Первый для богатых – миллионеров и выше. Роскошные здания деловых и финансовых центров, домов бассейнами на крышах и висячими садами. Чистые улицы, по которым ездили исключительно роскошные лимузины. Горный воздух…
Второй сектор предназначался для управляющего персонала и среднего класса.
Третий – сектор рабочего класса и обслуживающего персонала. Здесь уже работали заводы, на стенах тут и там мелькали граффити.
Четвертый – для отбросов. Здесь жили все те, кто не хотел работать и существовал за счет первых трех классов, на пособия и бесплатный паек. Здесь бушевала преступность и все мыслимые пороки. Полиция в сектора четвертого класса не заглядывала столетия три, не меньше. Воздух по качеству был не лучше, чем тот, что валил из труб заводов двадцатого столетия.
Отравленный, полноценно мертвый океан не мог поддерживать жизнь. В его толщах уже давно не плавали киты. Да что там киты?! Рыбешки, и те уже все давно повсплывали кверху брюхом. Даже водоросли, и те вот уже столетие не желали расти. Кое-как выживали лишь бактерии… но они, в отличие от водорослей, не давали кислорода.
От отравленной атмосферы спасались куполами, под которыми работали настоящие заводы по выработке кислорода, разводя сверхпродуктивные водоросли.
Отсутствовала сколько-нибудь чистая земля, а значит, она не могла что-либо родить для прокорма стомиллиардного населения планеты-города.
Все продовольствие выращивалось на фермах – так называемые сублиматы – водоросли и синтетические волокна, приправленные вкусовыми добавками жареного мяса или фруктов. Граждане позажиточнее могли себе позволить покупать завозную продукцию с плантаций и звероферм Марса.
Но даже мощностей Марса не хватало для покрытия потребностей Земли, Марс обеспечивал всего двадцать процентов спроса. Остальное завозилось с дальних колоний огромными танкерами и сухогрузами. С этими монстрами гиперкорпораций соревновались частники, на скоростных кораблях-торговцах завозя совсем уж богатым гражданам из второго-первого сектора деликатесы.

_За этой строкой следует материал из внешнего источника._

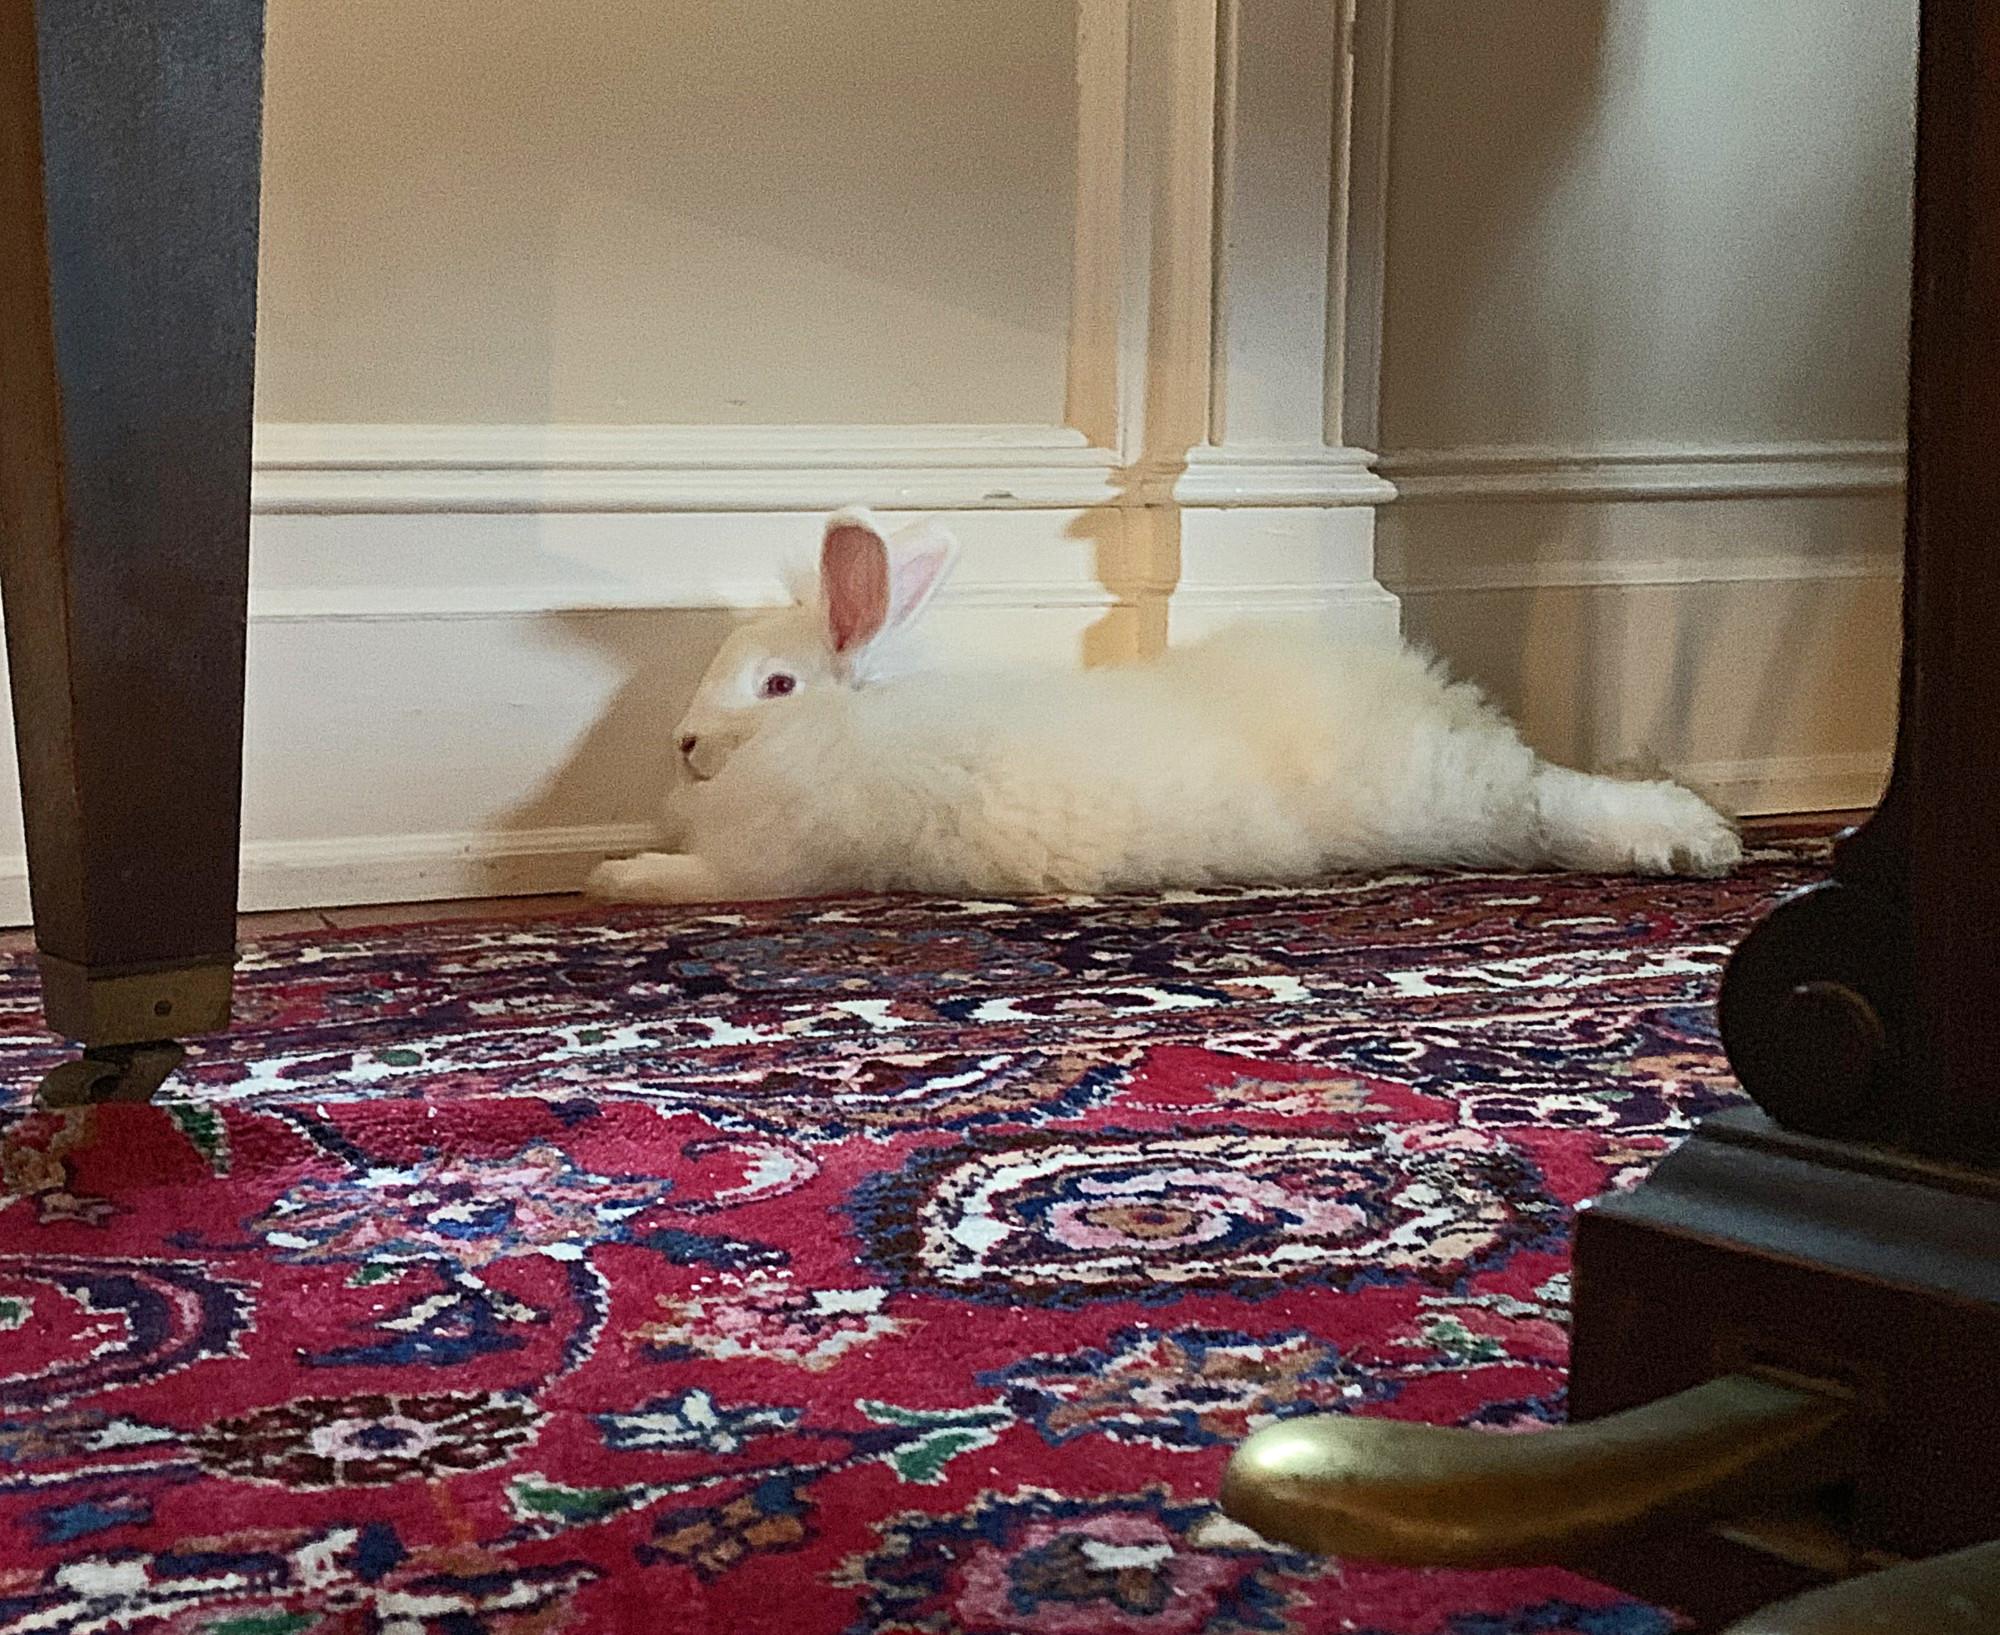 Bunny Under the Piano

Но все они, точно вереницы муравьев, спешили к своему муравейнику, со всех сторон нагруженные тяжелой поклажей, выгружая продовольствие и вывозя отходы человечества.

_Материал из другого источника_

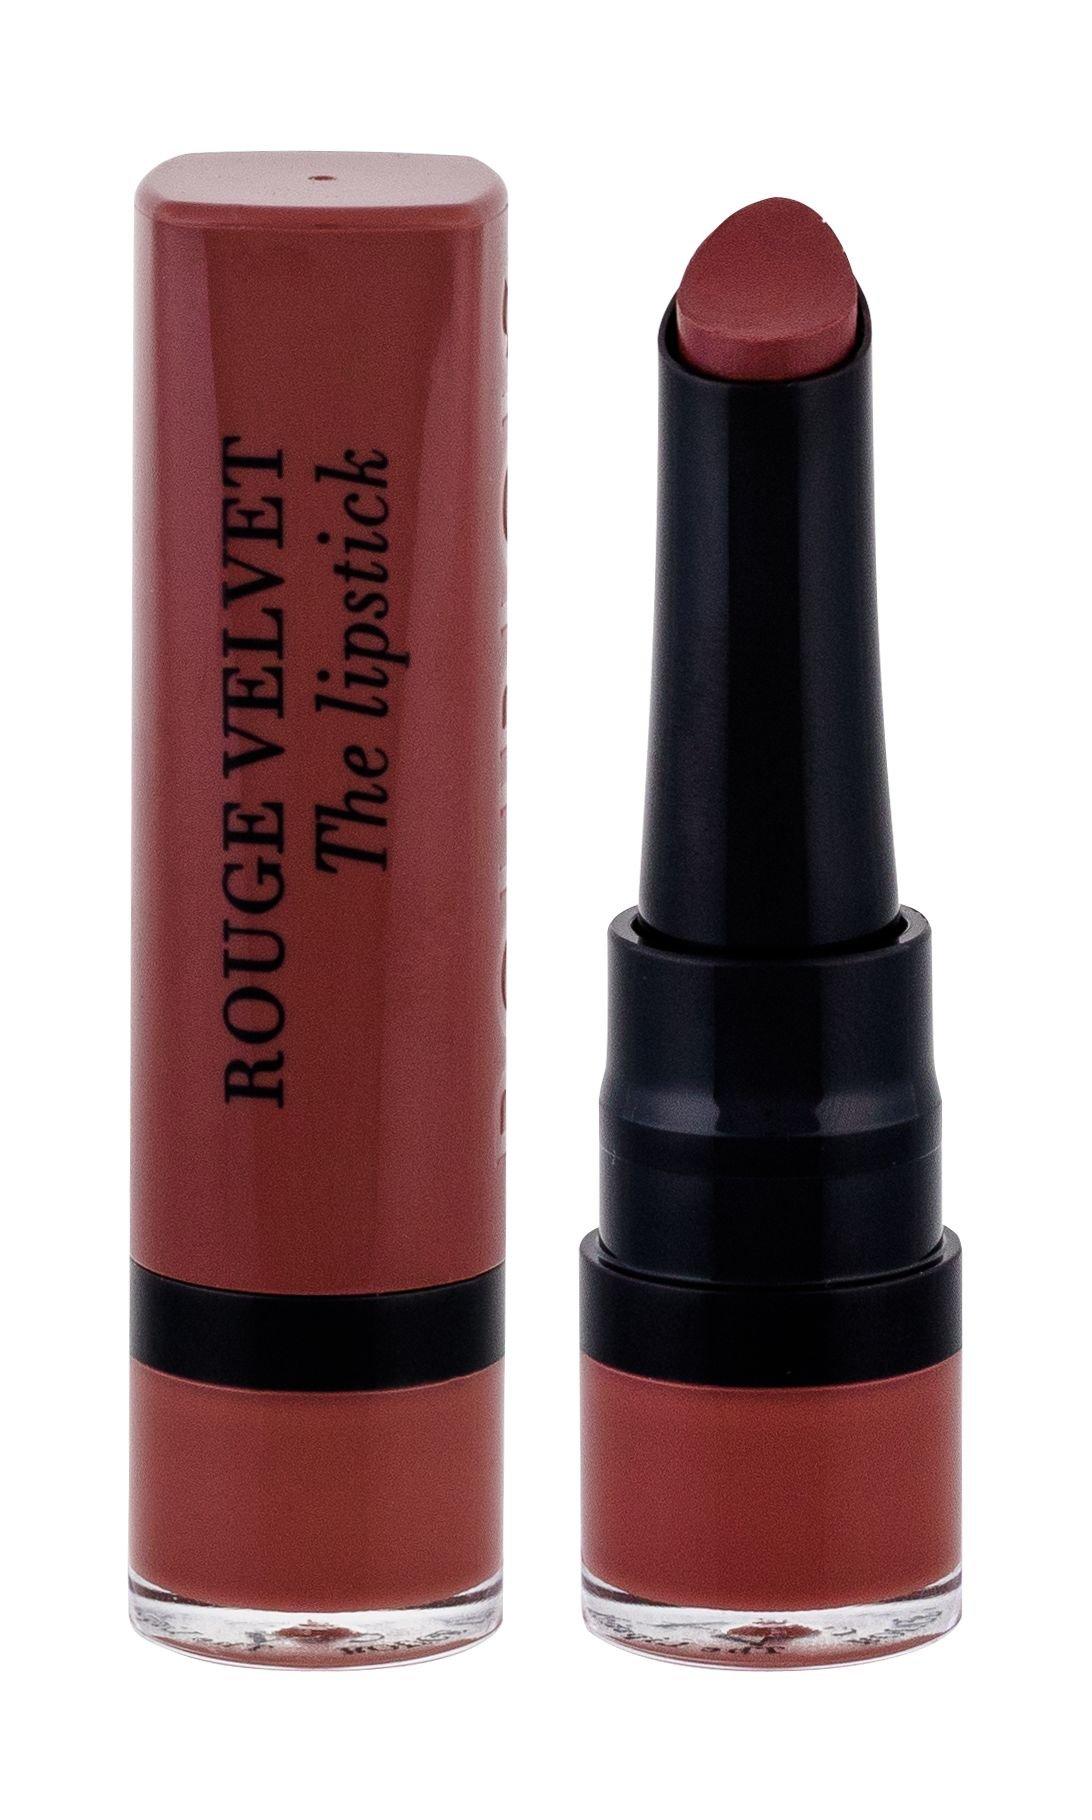 BOURJOIS Paris Rouge Velvet Lipstick 2,4ml 24 Pari´sienne

В одном из самых грязных и криминогенных районов Земли, в секторе четвертого класса, и родился Кэрби, не зная ни вкуса марсианской продукции, ни тем более дальних колоний метрополии и уж тем более каких бы то ни было деликатесов. Самым большим деликатесом считалась обычная крысятина – настоящее мясо, единственного выжившего самостоятельно животного.
До Кэрби Морфеуса не было никому дела, ни отцу, которого он вообще никогда в глаза не видел, ни матери-проститутке, загнувшейся в день его десятилетия от передозы некачественного тюфяка. Так что не стоило удивляться тому, что он попал в молодежную банду с ее законами силы. Да чего уж там удивительного… было бы удивительнее, если бы он в нее не попал. Банды конкурировали друг с другом, борясь за влияние. Детство стало хорошей школой жизни…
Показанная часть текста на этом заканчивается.